Veera (born as Veerabahu) is an Indian actor who has appeared in Tamil language films. Closely associated with director Gautham Vasudev Menon, Veera has worked previously as Menon's assistant in the film Vaaranam Aayiram, before making his debut in the director's experimental thriller Nadunisi Naaygal (2011).

==Career==
Veera joined Gautham Menon's directorial team in 2006 and worked with him during the production of Vettaiyaadu Vilaiyaadu (2006) and Pachaikili Muthucharam (2007), before being announced as one of the four new male leads in a film titled Chennaiyil Oru Mazhaikaalam to be directed by Menon. The film, set in the backdrop of Chennai's booming IT industry, began its shoot in mid 2007 with Trisha Krishnan leading an ensemble cast but was later delayed and then eventually shelved. Veera then continued his work with Menon as an assistant director, and featured in a small role of an army commando in the Suriya-starrer Vaaranam Aayiram (2008). Veera made his debut as a lead actor with Menon's psychological thriller Nadunisi Naaygal, in which he played a psychopath murderer. He revealed in order to prepare for the role he trained with a Chennai-based psychiatrist, Rangarajan, and learnt typical mannerisms and behavioural patterns shown by psychopaths. The film, which had been long in production, opened to mixed reviews in February 2011 from critics and did not perform well commercially. However Veera won rave reviews for his portrayal, with a critic from Sify.com noting "for a first timer, Veera as the psychopath with split personality makes a lasting impression in a well-written role" and that "he is riveting and holds the film together with his performance". Similarly another reviewer from Times of India stated "Veera has tremendous screen presence and fulfils the faith reposed in him by the director", and his performance saw him garner a nomination for at the Vijay Awards in 2011 for Best Debut Actor.
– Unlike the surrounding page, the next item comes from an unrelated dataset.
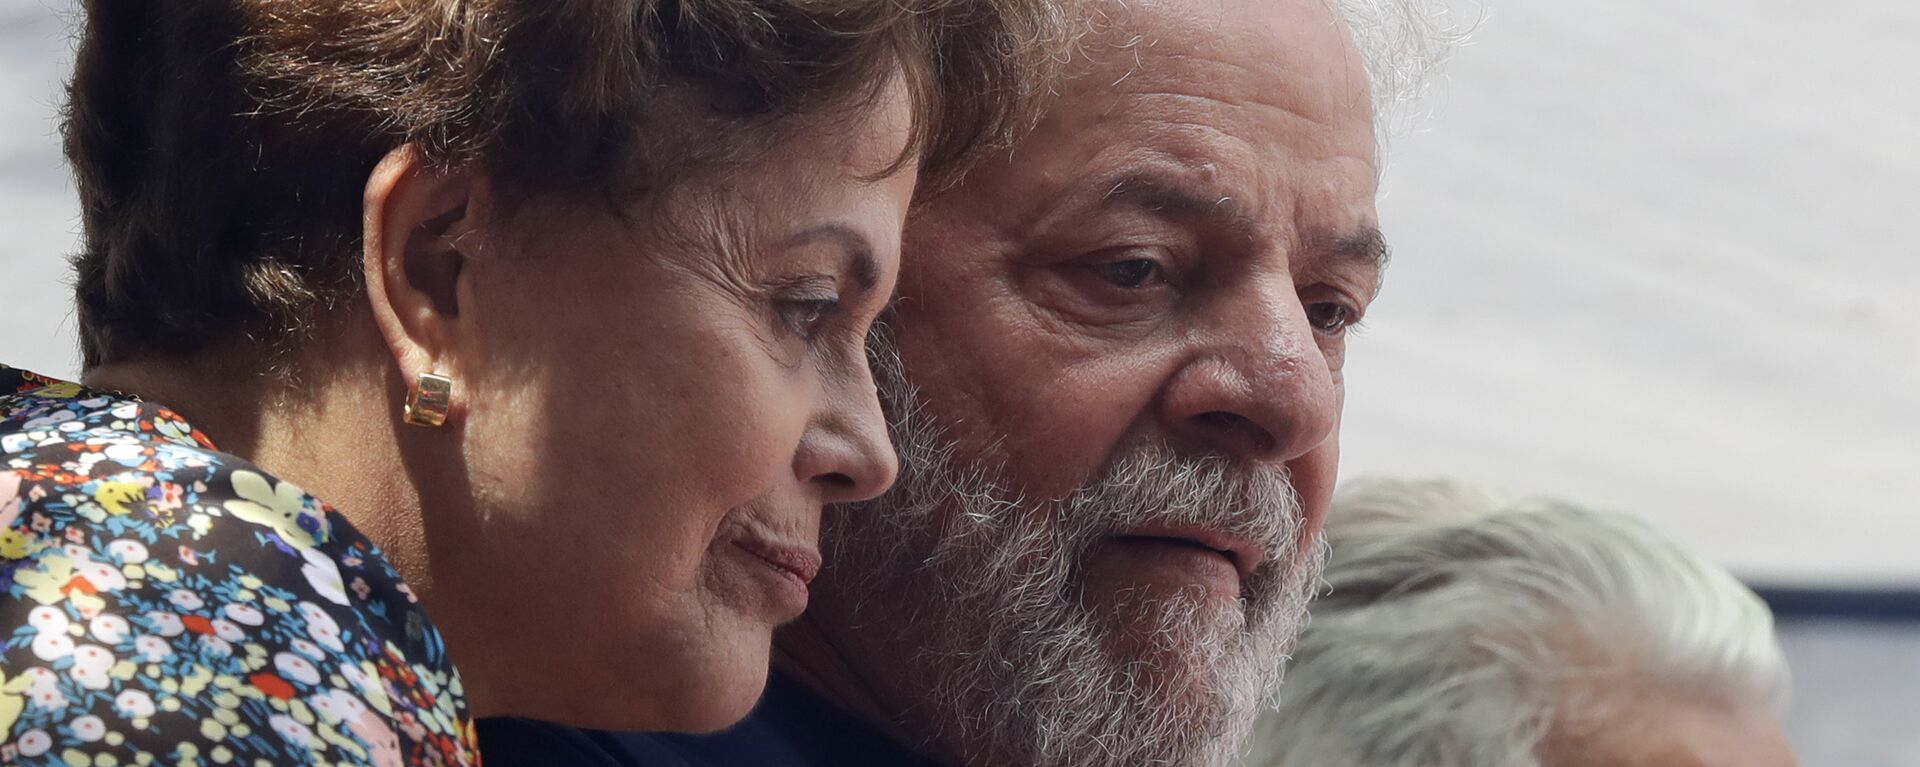 La expresidenta de Brasil Dilma Rousseff y el expresidente Luiz Inacio Lula da Silva  - Sputnik Mundo, 1920, 26.01.2022

After the release of the film, Veera was signed by director Ram for a film Adangaamai, but the venture was eventually shelved after pre-production. In 2015, he starred in an action thriller titled Rajathandhiram which featured him alongside Regina Cassandra.

In 2023, Veera was signed by director H. Vinoth to act in the film Thunivu alongside Ajith Kumar. Veera plays a supporting role of a gangster who plans to rob a bank. Later that year, he acted in the film Lucky Man alongside Yogi Babu.

==Filmography==
- All films are in Tamil, unless otherwise noted.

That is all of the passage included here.